If you cannot transfer an old insurance policy - and this is more likely with buildings insurance on a property you own - you should be entitled to a refund of any premiums you have paid for the rest of the year. If you do have to cancel a policy, this is a good opportunity to shop around for other policies as well as haggle for a good deal with your existing insurer.

q Savings and investments. Do not forget to notify relevant banks, building societies and investment companies of your new address, or you risk share dividends and other payments going astray. In practice financial institutions claim it is quite difficult for cheques and monies to be cashed fraudulently, but why risk it. There are pounds 14m of unclaimed premium bond prizes and there will be millions of pounds of uncollected windfalls this year as a result of people moving without passing on their new address. Most converting societies and insurers will safeguard windfalls for a number of years. But some people will have lost their entitlement to windfalls as a result of not receiving reminders to top up their accounts.

You can trace any premium bond prizes that might have gone astray by writing, with details of your numbers (and any variations of your name and address), to Premium Bonds, National Savings, Blackpool FY3 9YP. You can also use this address to inform National Savings of your own change of address, as well as getting free replacements for any bond certificates you have lost.

Informing companies in which you are a shareholder of a change of address might also be a good opportunity to get dividend cheques paid into your bank account automatically in future.

Companies are normally keen to offer this service as it saves them money sending out cheques and reduces the risk of your dividends being mislaid. Furthermore, the company should still write to you to say when money should have gone into your account.

q Mortgages, credit-card bills and other debts and payments. If your cards and other debts are all paid by standing order or direct debit then the bills will still get paid even if you fail to inform the organisation that you have moved. But you will still want to see the paperwork, and mortgage standing orders may need adjusting.

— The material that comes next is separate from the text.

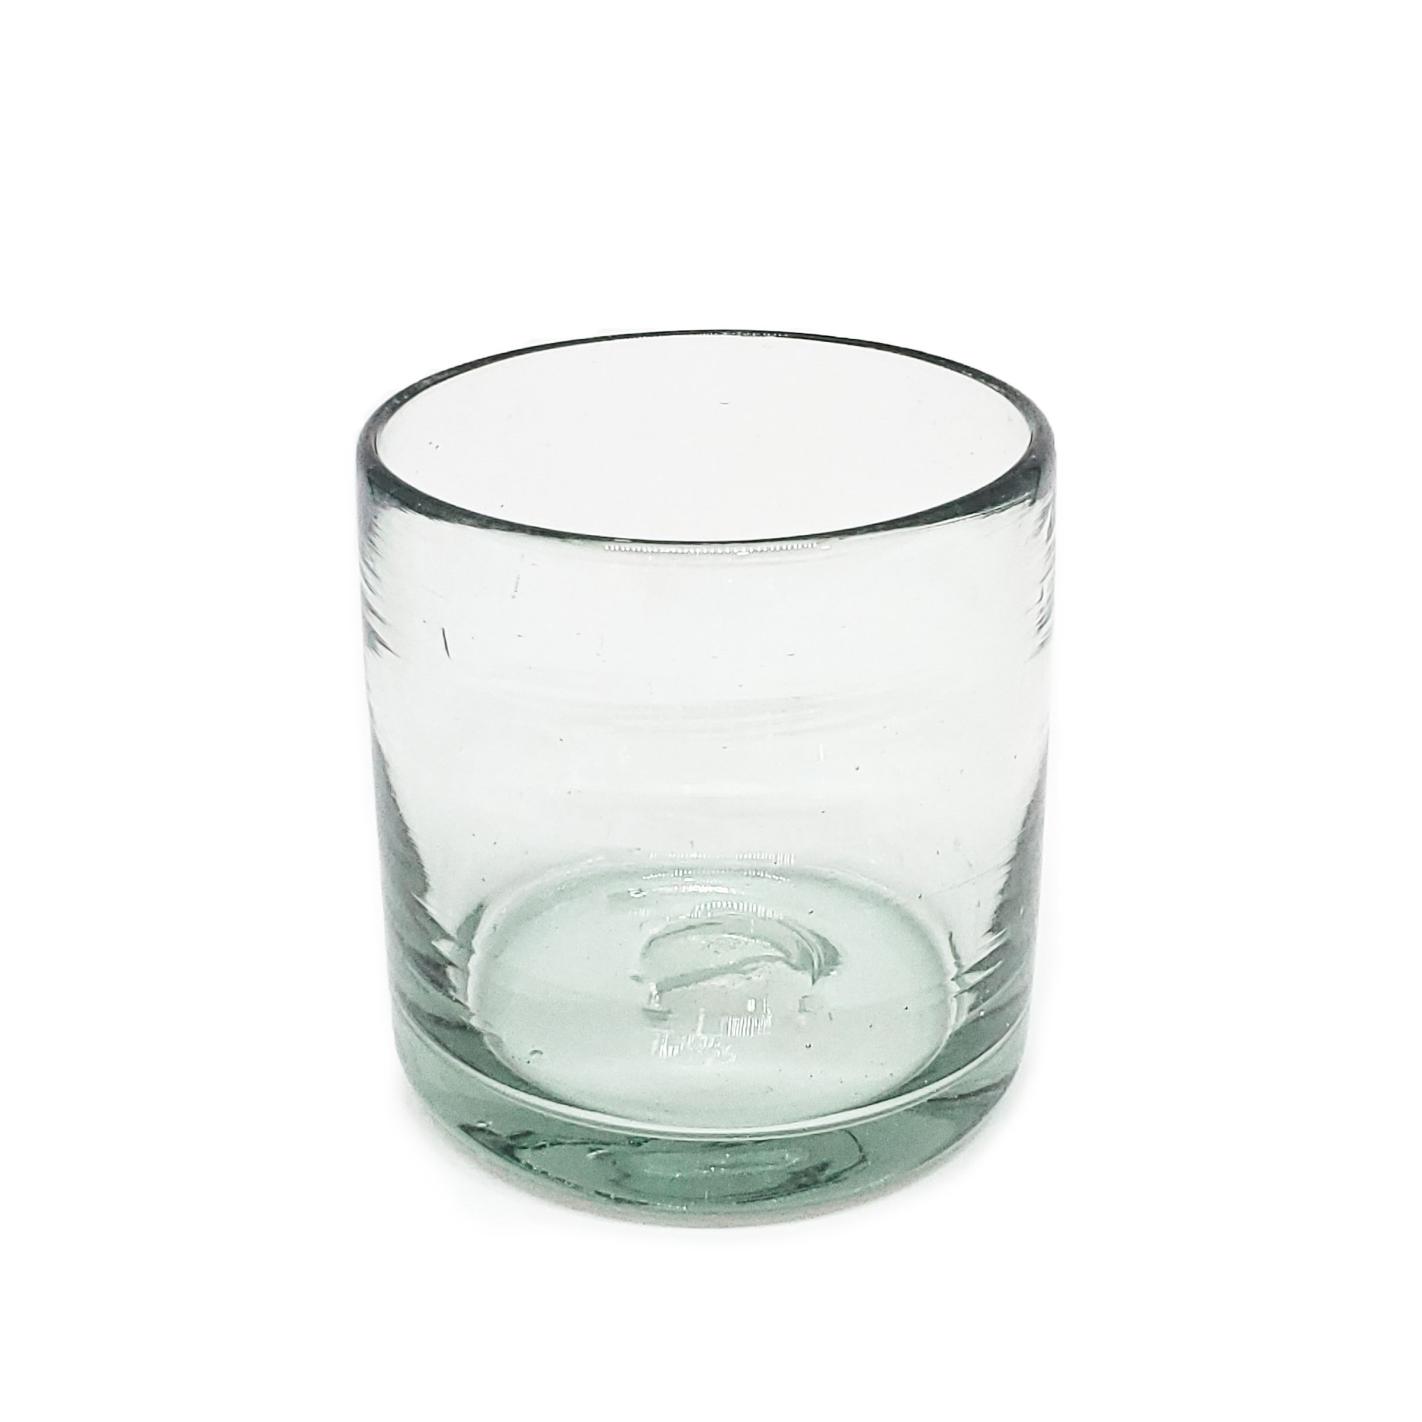 Ofertas / vasos DOF 8oz Transparentes / stos artesanales vasos le darn un toque clsico a su bebida favorita.

If credit-card bills and the like are not paid by direct debit, you risk racking up significant amounts of interest by not informing the company of a change of address and so not receiving bills.

Don't forget to cancel any standing orders and direct debits that relate specifically to the property you are leaving - utility bills, for example.

q Utilities. If you are the name on the bill, you will need to tell the companies that you are moving out so you are not liable for use thereafter. In addition you will want to ensure services are connected wherever you are going; these new bill details can also be set up over the phone. With utilities where you yourself can take a reading, it should normally be possible to phone in readings the day you move out and move in to end and start your bills respectively.

With telephones, lines are often cut when you move out and there is a pounds 10 reconnection fee for whoever is moving in. You should aim to give BT seven days' notice of the date you are moving out as it will charge you seven days' line rental from the date you inform it, regardless of when this is. It is possible to avoid the pounds 10 reconnection charge by taking over a line the same day as the previous name comes off the bill, but this may not be suitable if for example there is a gap between the last occupants moving out and you moving in.

Where you pay a standard charge for a period rather than a metered rate - as with many people's water bills, for example - it should be possible to get a refund of charges paid for the period after you have moved out, or have this value transferred to your new account. Similarly, you can transfer television licences without charge.